— Скажите, полковник, статьи, которые готовил Звонарев, вы смотрели лично?
Визировали перед тем, как они появлялись в газете?
— Конечно, смотрел, — хмыкнул Демидов, — а как же иначе. В нашем деле глаз да глаз нужен.
— Тогда у меня больше нет вопросов, — поднялся Дронго, протягивая полковнику руку, — спасибо вам.
— Заходите, если еще понадобится, — улыбнулся Демидов. — Вы ведь раньше, говорят, трудились по нашему ведомству. И тоже искали порошочек и его несунов.
— Когда это было, — грустно вздохнул Дронго, — в другой жизни. Мы тогда сотрудничали с «Интерполом».
— Наслышан. Хорошо сотрудничали. Говорят, вам даже дырки сделали?
— И не одну, полковник. До свидания.
Он вышел из МУРа, когда часы показывали седьмой час. До назначенного времени оставалось около сорока минут, и он успел заехать домой, переодеться и даже принять душ. Белье, прилипающее к телу, особенно его раздражало. В семь часов вечера он входил в кафе «Флейта», где у него была назначена встреча с подполковником ФСБ Углановым, с которым в последнее время встречался Звонарев.
В зале было уже довольно многолюдно, и Дронго с трудом протиснулся в угол, к заказанному столику. На заранее договоренную с Углановым фамилию. Здесь подполковник ФСБ, очевидно, встречался со своими информаторами. Кафе облюбовала «панкующая» молодежь — торчащие дикобразными иглами волосы всех цветов радуги, оголенные руки и плечи парней и девиц украшала татуировка. Среди танцующих было несколько бритоголовых, несколько одетых в кожаную форму «мотоциклистов», почти все щеголяли в цепях, серьгах, продетых либо в правое ухо, либо в нос. У одной девушки кольцо торчало в оголенном пупке.
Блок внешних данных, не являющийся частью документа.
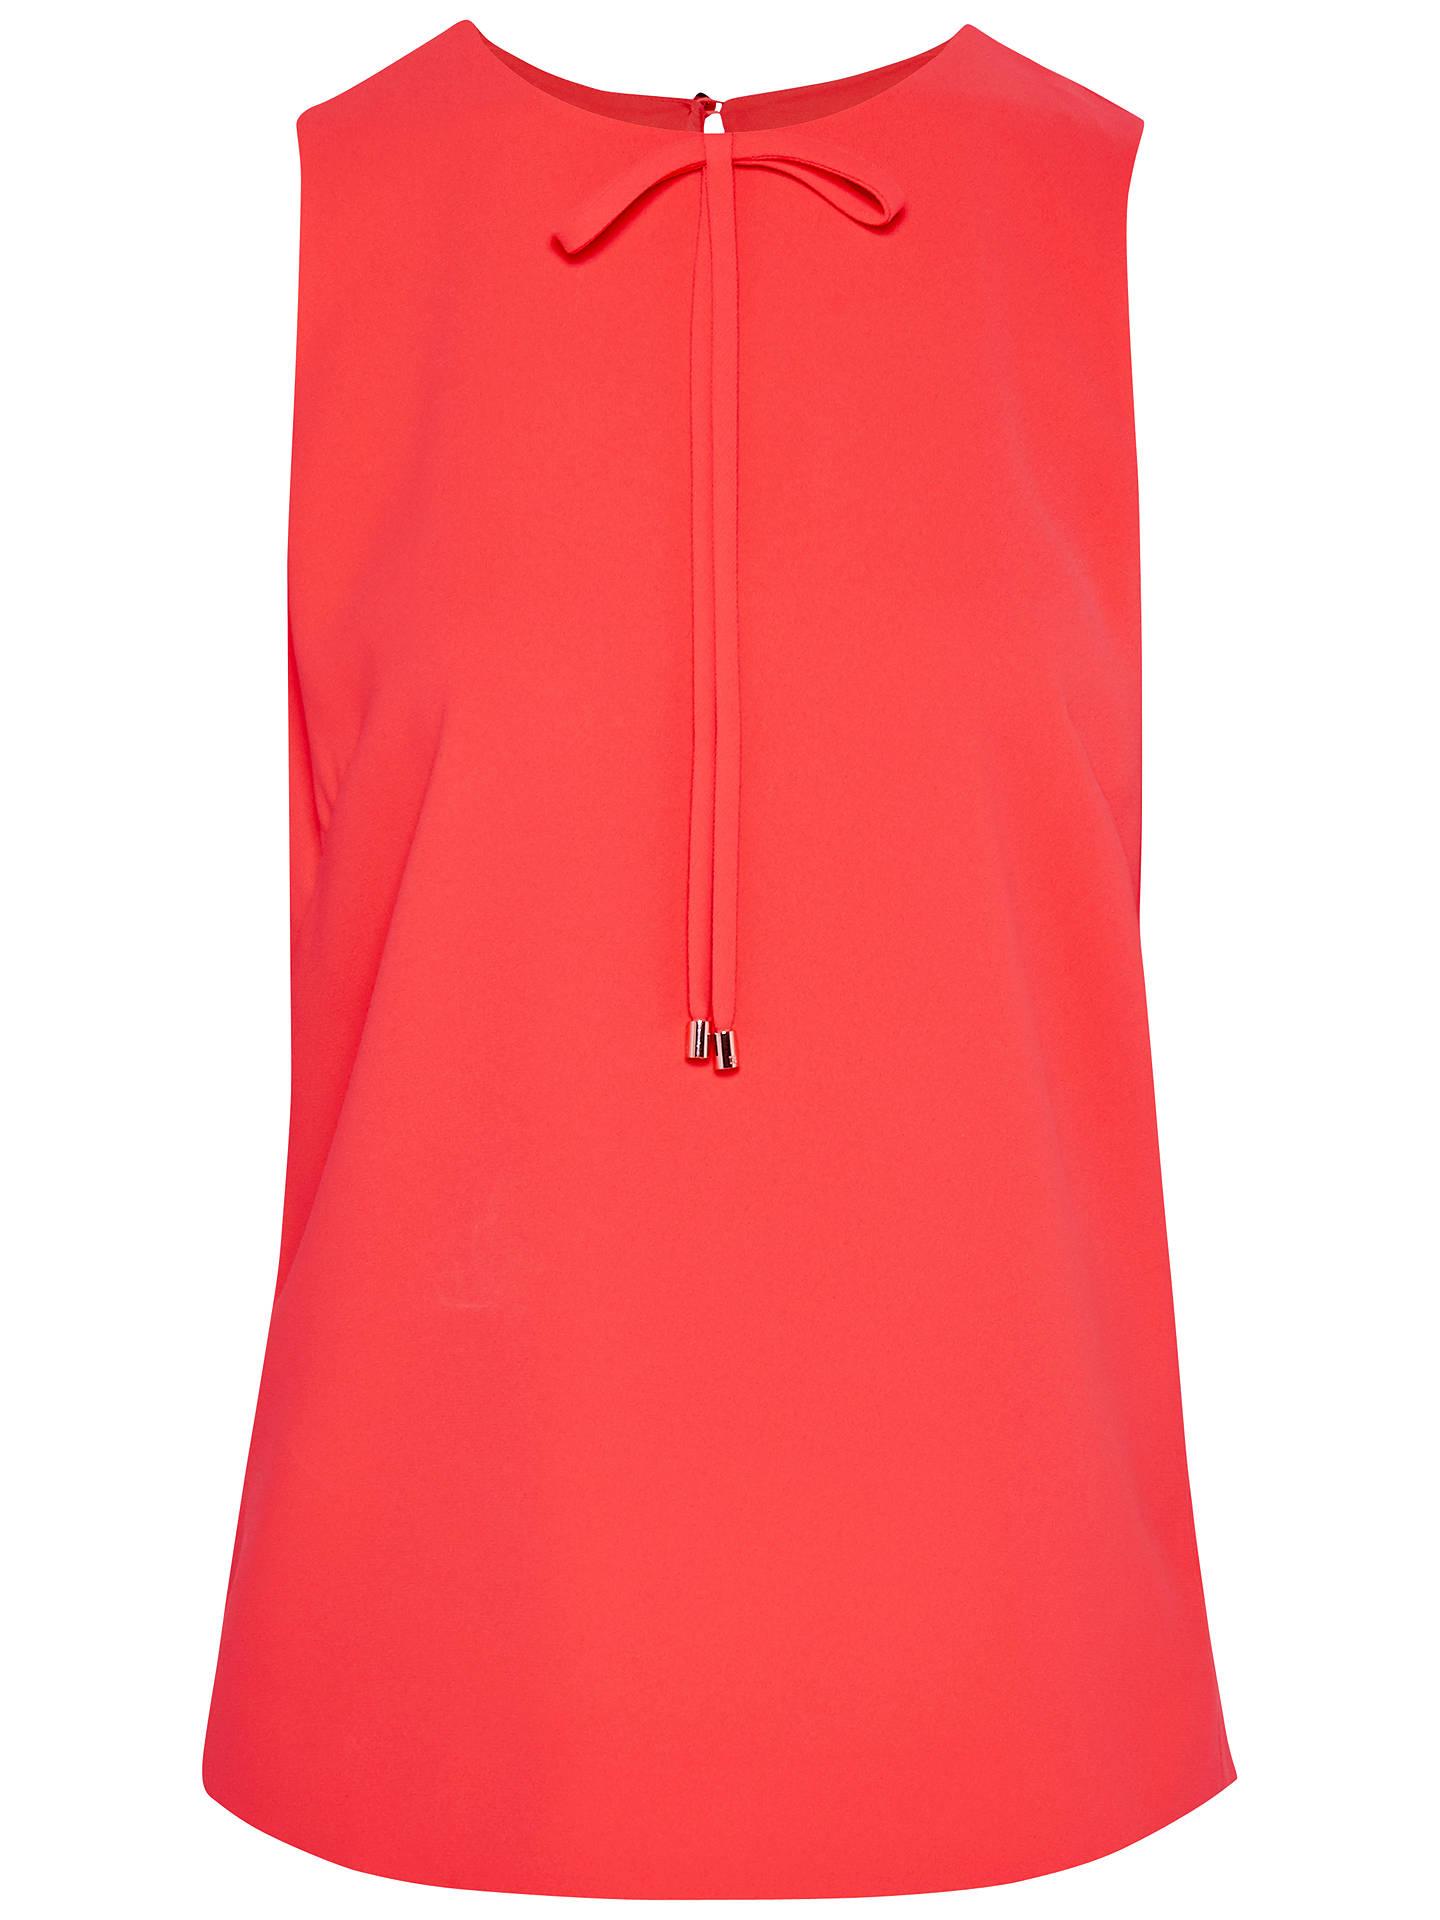 125946b9b1ca Buy Ted Baker Olia Crepe Bow Top, Orange, 0 Online at johnlewis.com ...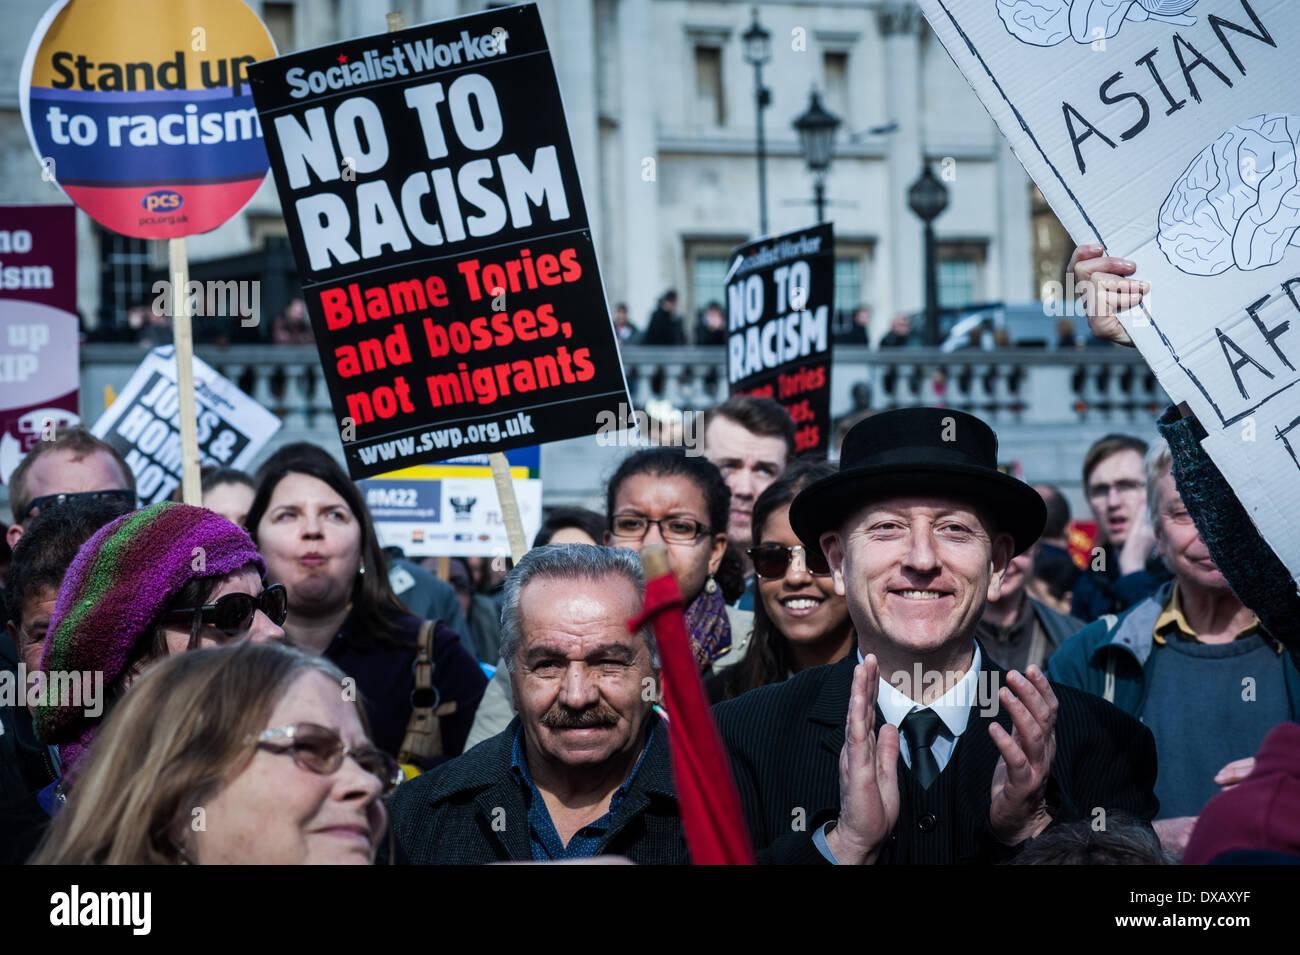 London, UK - 22 March 2014: marchers gather in London to celebrate the United Nations International Anti-Racism Day. Credit:  Piero Cruciatti/Alamy Live News - Stock Image

Дронго подумал, что он совсем не понимает эту публику. Или не хочет, поймал себя на мысли. Они другие — но чего хотят, к чему стремятся?
А разве в дни нашей молодости все понимали сумасшествие вокруг «Битлз» или «Роллинг стоунз»? В пятом классе он и еще несколько мальчишек отпустили волосы под знаменитую четверку Джона Леннона, и завуч отправила всех в парикмахерскую.
Тогда в знак протеста все мальчики класса постриглись наголо. И целых два месяца гордо сверкали бритыми лбами, стоически выдерживая насмешки ребят всей школы. Может, поведение нынешних «разноцветных» вполне укладывалось в бунт прежних длинноволосых. Впрочем, почему он так уж отделяет от себя новое поколение. До возраста полной мужской зрелости у него есть еще один год. Ему тридцать девять. Но он чувствовал себя гораздо старше, словно прожил уже несколько жизней, и в тридцать девять ощущал себя семидесятилетним стариком.